Осторожнее, милая, тише…
Нашумело меняя места,
я ношусь по России —
как птица
отвлекает огонь от гнезда.
 
 
Всё болишь? Ночами пошаливаешь?
Ну и плюс!
Не касайтесь рукою шершавою —
я от судороги валюсь!
 
 
Невозможно расправиться с нами.
Невозможнее – выносить.
Но ещё невозможней —
вдруг снайпер
срежет
нить!
 
1965
ФРАГМЕНТЫ ИЗ ПОЭМЫ
1
 
«Милая, только выживи, вызволись из озноба,
если возможно – выживи, ежели невозможно —
выживи,
тут бы чудо! – лишь неотложку вызвали…
выживи!..
 
 
как я хамил тебе, милая, не покупал миндалю,
милая, если только —
шагу не отступлю…
 
 
Если только…»
 
2
 
«Милый, прости меня, так послучалось,
просто сегодня
всё безысходное – безысходней,
наипечальнейшее – печальней.
 
 
Я поняла – неминуема крышка
в этом колодце,
где любят – не слишком,
крикнешь – не слышно,
ни одна сволочь не отзовётся!
 
 
Всё окружается сеткой железной.
Милый, ты рядом.

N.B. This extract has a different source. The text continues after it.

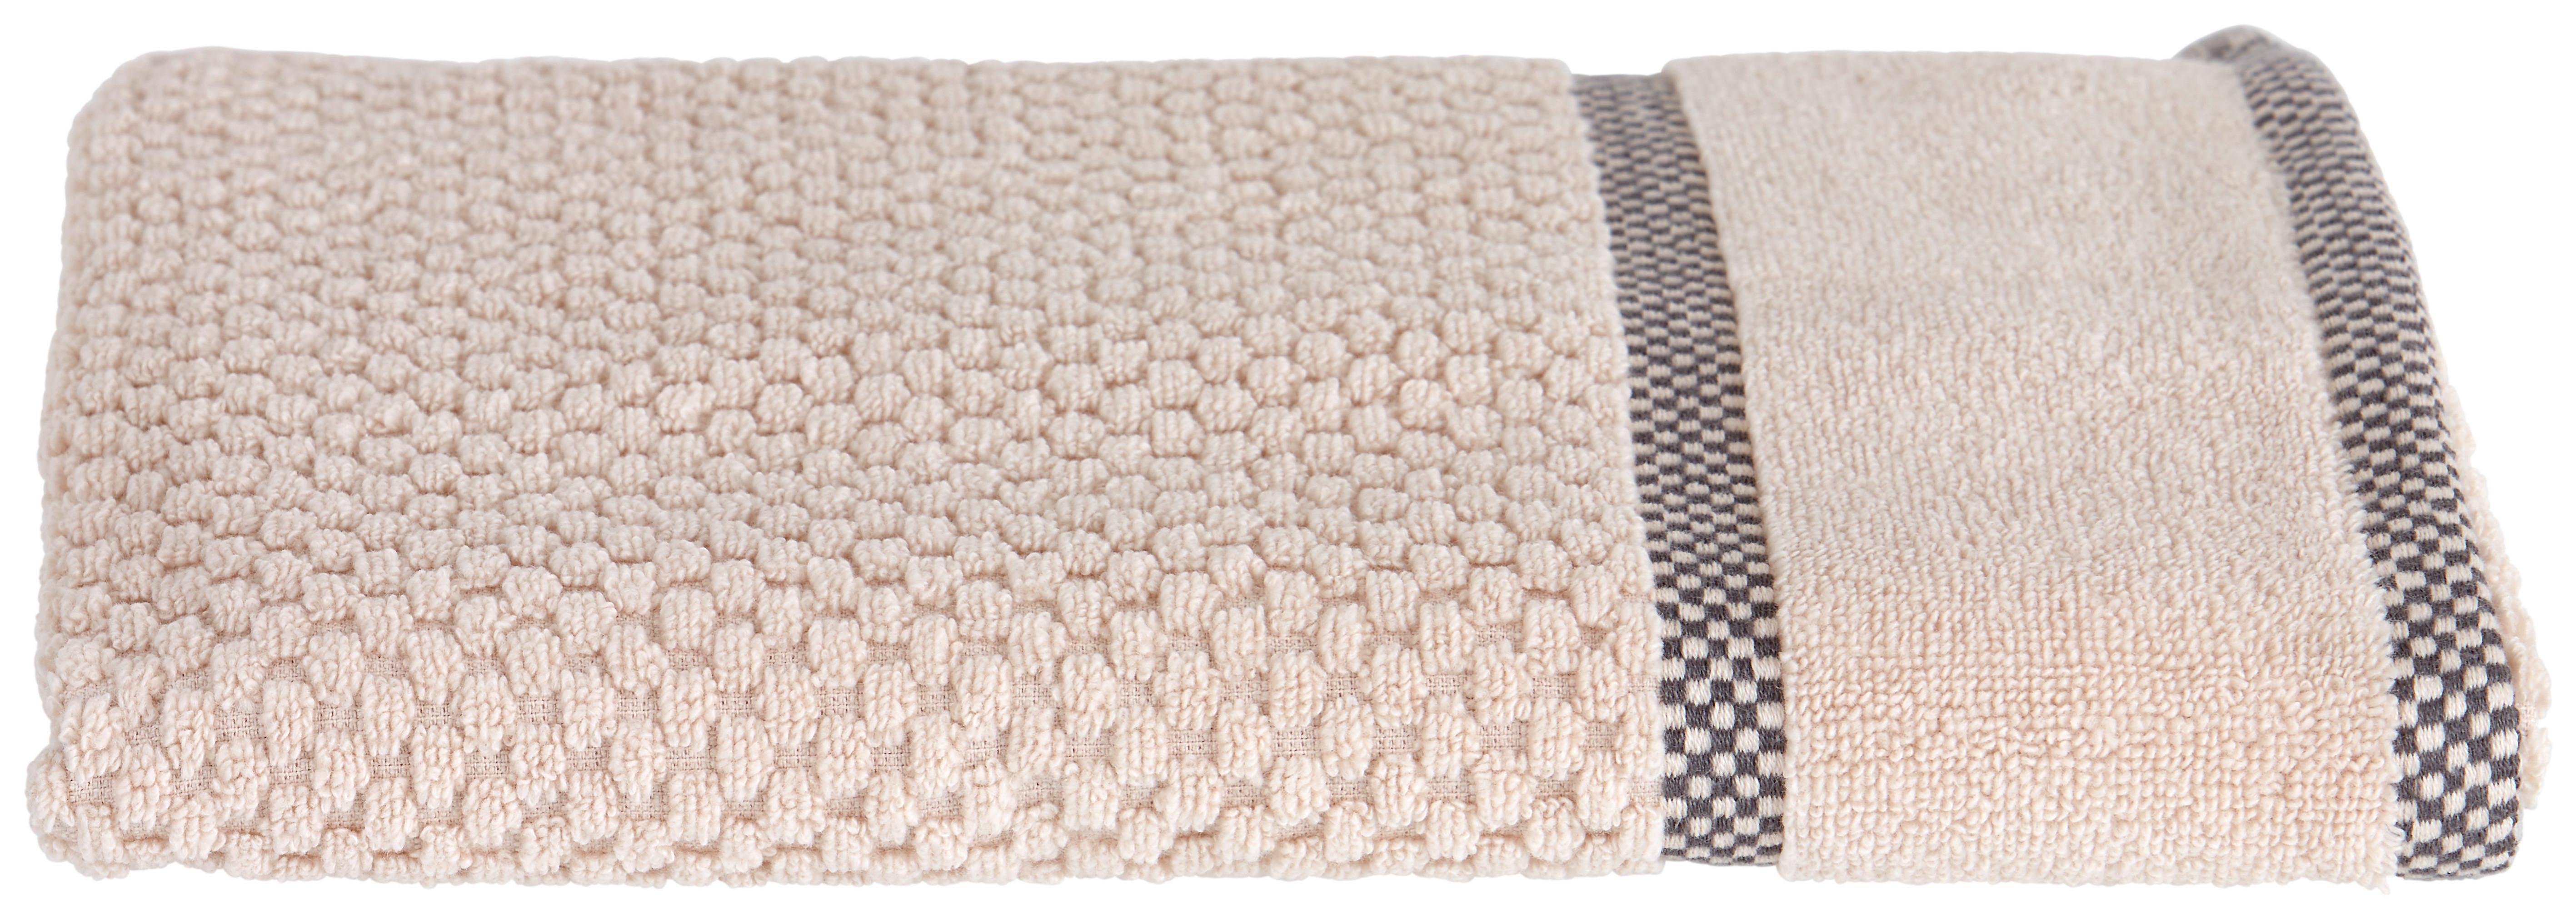 Handtuch Rocky Baumwolle 500 G/M2 Beige 50x100 cm - Beige, ROMANTIK / LANDHAUS, Textil (50/100cm) - James Wood

Нет, не пускает.
Сердце обрежешь, но не пролезешь.
Сетка узка мне.
 
 
Ты невиновен, любимый, пожалуй.
Невиноватые – виноватей.
Бьёмся об сетку немилых кроватей.
Ну хоть пожара бы!
 
 
Я понимаю, это не метод.
Непоправимое непоправимо.
Но неужели, чтобы заметили, —
надо, чтоб голову раскроило?!
 
 
Меня не ищи. Ты узнаешь от матери,
что я уехала в Алма-Ату.
Со следующей женщиной будь повнимательней.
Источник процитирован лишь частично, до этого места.